5. Could the leaky exhaust manifold gasket cause a rough idle/misfire on cyl 2?


Thanks for anyone who reads through this posts and anyone who may offer some help.


----------



## zakgord (Jun 11, 2007)

Just read through this, is sorta similar...at least with the high compression. Any relation maybe?

http://www.nissanforums.com/ga16de-1-6l-engine/86188-compression-test-results.html


----------



## Altima SSS (Oct 10, 2007)

zakgord said:


> *Results I posted in another forum after my compression test...*
> 
> 
> *A few questions...*
> ...



Too high of compression isn't due to the oil squirts you put in the cylinder. The oil test just helps to seal rings IF they are leaky. As the link in your post above show, it's could be lots of carbon build-up.

Doing the compression test without opening the throttle shouldn't give you lower numbers IF you cranked it over long enough to make the compression test gauge stop increasing. Opening the throttle all the way just takes less engine revolutions to get to the same max pressure result on the gauge.

It's strange that the compression would go to 220 ~ 240 psi on cyl 3 and 4 after adding a few squirts of oil. Maybe these two cylinders have much more carbon build-up than the others, and when the oil was there to seal it made the pressure higher.

A leak down test is really the best way to see the condition of the rings and valves.

Maybe do the compression test again with a helper that opens the throttle all the way and cranks the engine while you watch the gauge ... have the helper crank the engine until the gauge doesn't increase any more. I'd try this first to just verify you have accurate results for all cylinders. If you were doing this alone, did you have sight of the gauge? If so, then I guess you could redo the test with the throttle wide open.

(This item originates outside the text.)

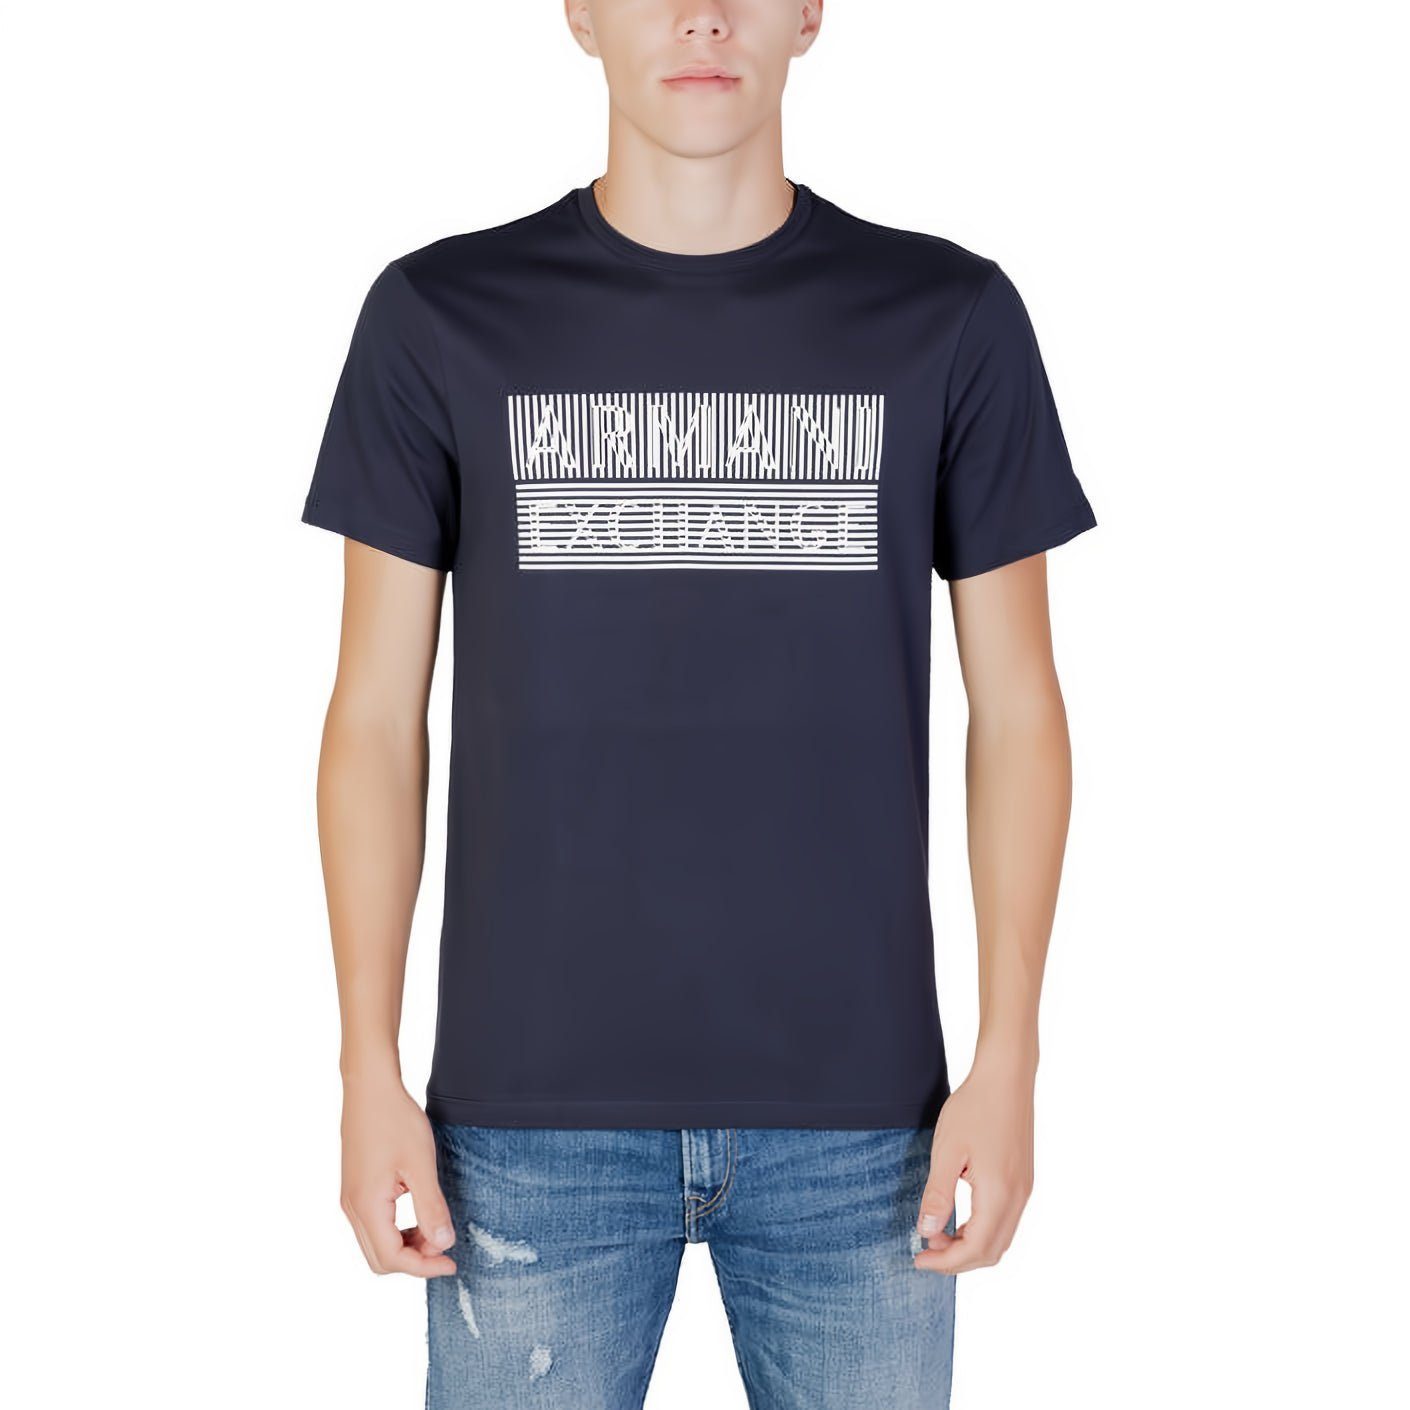 ARMANI EXCHANGE T-Shirt kurzarm, Rundhals, Must-Have ein Kleidungskollektion! für Ihre

Your dry test results aren't too far off from what the spec calls out ... 178 psi.
http://www.autozone.com/images/cds/gif/large/0900823d801b6074.gif

I'd do the test without using the oil, but do the test just after the car has been driven as that will ensure some oil on the cylinder walls to help give you a more accurate test.


----------



## zakgord (Jun 11, 2007)

Thanks for the reply. 

I did the test with my dad, so had two people. I read the gauge while he cranked the engine. I watched it rise a bit more with each stroke until it reached its peak noted psi. Would that carbon buildup affect idling or even cause my misfire? Seems like I still have some other problem as the code reads misfire on cyl 2, and the highest compressions appear on cyl 3 and 4. So, who knows? I might try running a bunch of fuel/carbon cleaner through and/or using premium gas with a bit of hard driving to try and burn it off just for the heck of it.

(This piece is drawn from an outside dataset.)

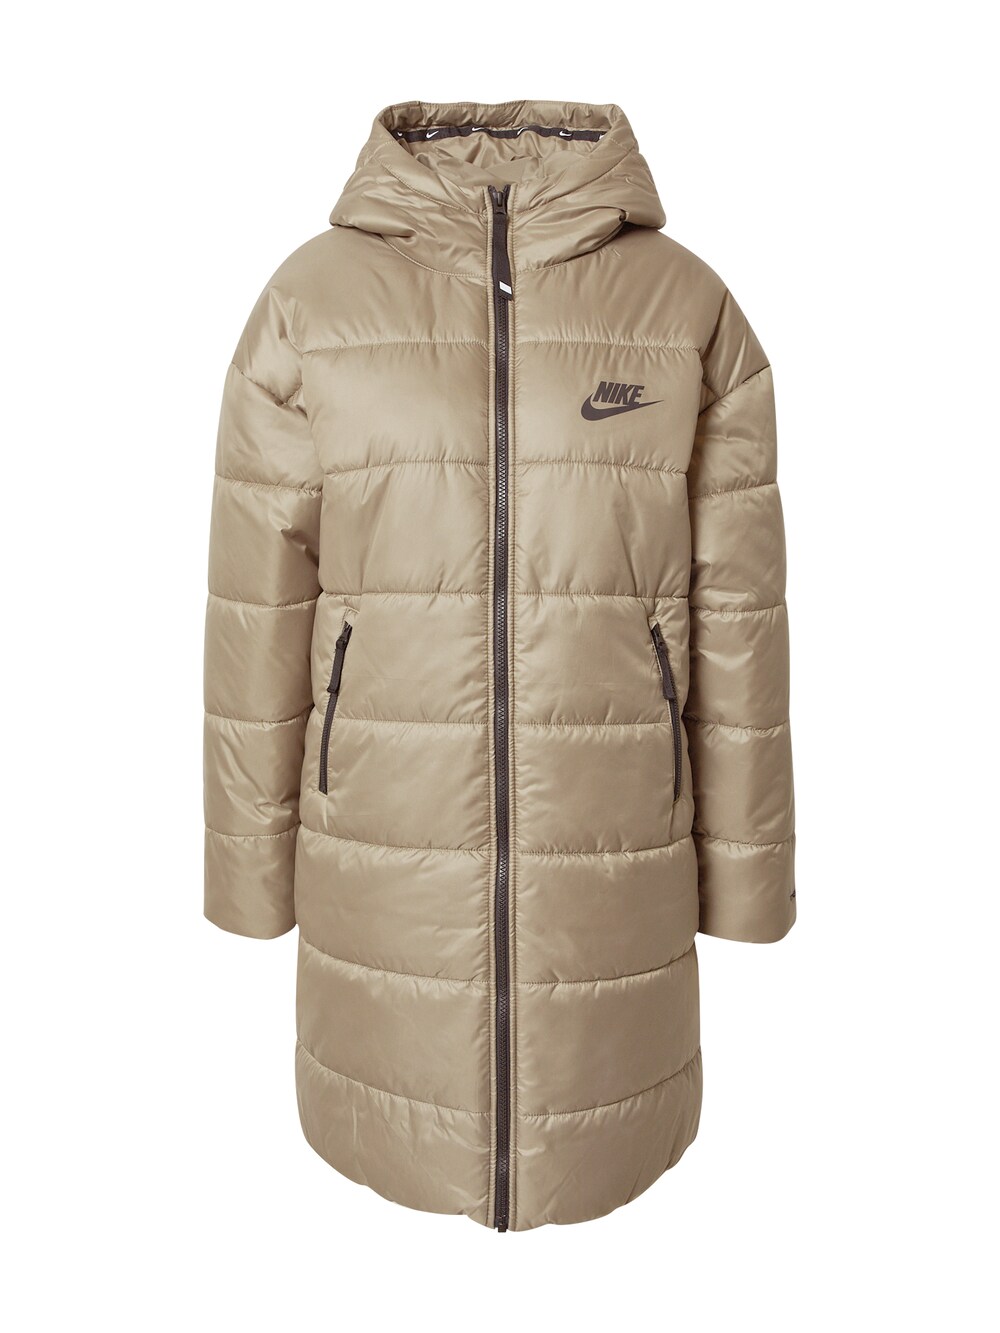 Зимнее пальто Nike, оливковый

I did a quick spray of carb cleaner around the top of the exhaust manifold gasket...no noted smoothed idling. So, I dont think the leak there could cause this problem...although I didnt get under the car to spray the under side of the gasket.

I may just end up leaving it be and seeing how long I can go on this engine. There really isnt anything wrong with it while driving around, and if it aint broke dont fix it....right?


----------



## zakgord (Jun 11, 2007)

Also, do I have the order of cylinders right? The one closest to the belts is cylinder 1 and the one near the distributor is cyl 4, right?

I have read a few places on boards where it seems like they are saying the opposite.


----------



## Altima SSS (Oct 10, 2007)

zakgord said:


> I did a quick spray of carb cleaner around the top of the exhaust manifold gasket...no noted smoothed idling. So, I dont think the leak there could cause this problem...although I didnt get under the car to spray the under side of the gasket.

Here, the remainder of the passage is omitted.